In the spot market, the onshore yuan weakened to a low of 6.6520, the weakest level since Nov. 5, 2020. But it later reversed course to finish the domestic session at 6.5866 per dollar, up 389 pips or 0.6% from the previous late night close of 6.6255.

Its offshore counterpart traded at 6.61 per dollar around 0830 GMT.

If the onshore yuan finishes the late night session at the domestic closing level, it would still book a monthly loss of 3.75% against the dollar, the biggest monthly drop since August 2019, when tensions between the world’s two largest economies intensified.

The sharp intra-day turnaround in the yuan came after the Politburo, a top decision-making body of the ruling Communist Party, said China will step up policy support to stabilise the slowing economy. Though it offered no details, it helped shore up sentiment in the yuan and battered Chinese stock markets.

“The most important message is a change of policy priority,” said Zhang Zhiwei, chief economist at Pinpoint Asset Management.

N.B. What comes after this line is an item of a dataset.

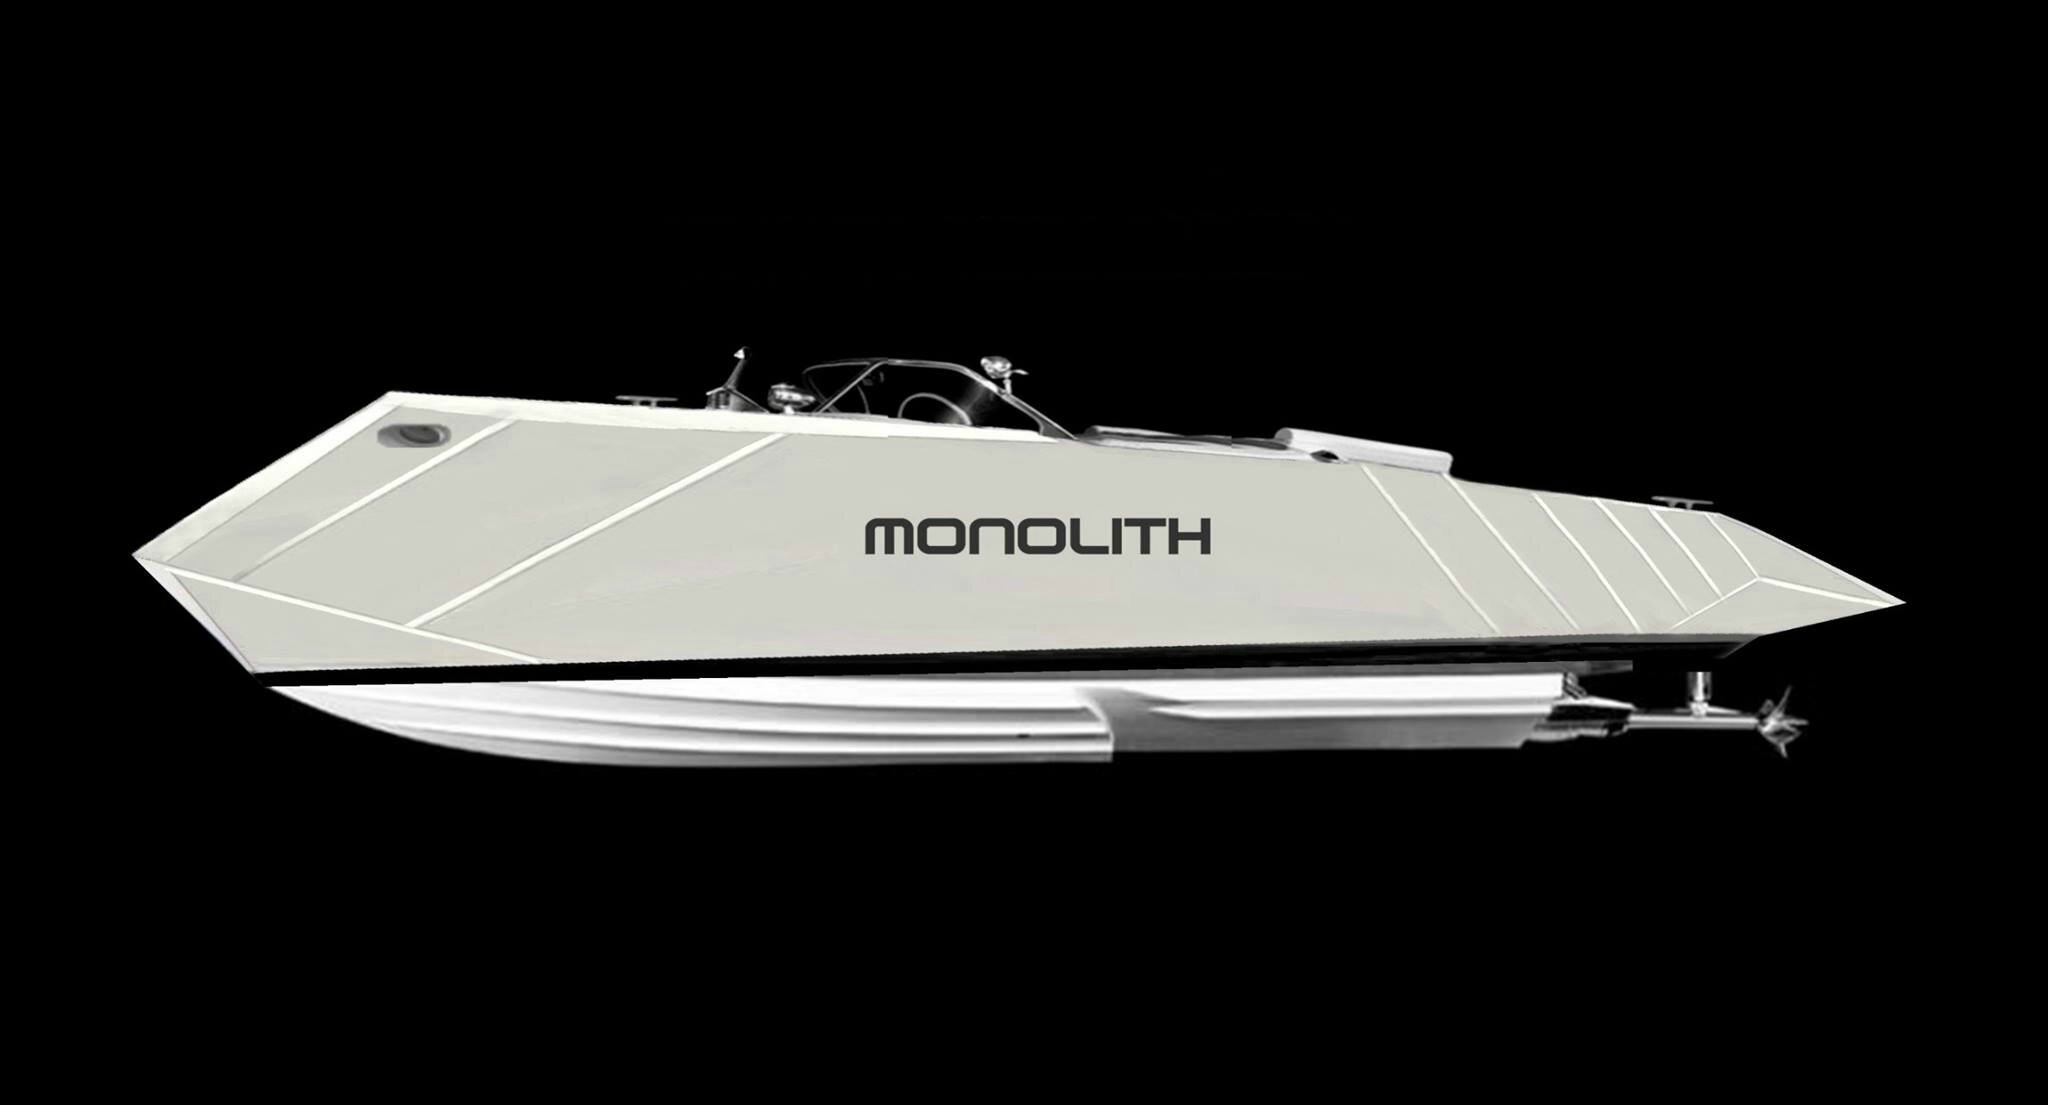 speed boat, boat design, motor boat design, motor boat concept, yacht design, yacht concept, boat designer, yacht designer, jeune designer, designer français, boat concept, boatdesign, powerboat design, powerboat concept,

“In the past few weeks the top priority seems to be containing Omicron outbreaks. Now the goal is to balance containing outbreaks and economic growth.” The official remarks offered some relief for financial markets, after many investors had raised doubts about China hitting this year’s growth target of about 5.5% as a wave of COVID-19 induced lockdowns weighed on activity.

While the central bank has yet to show much apparent discomfort over the recent yuan slide, despite a reduction to the amount of foreign exchange banks must set aside as reserve earlier this week, some investors were worried that authorities could step in any time soon.

Several traders said they received a growing numbers of queries from their corporate clients about liquidating their dollar holdings on Friday.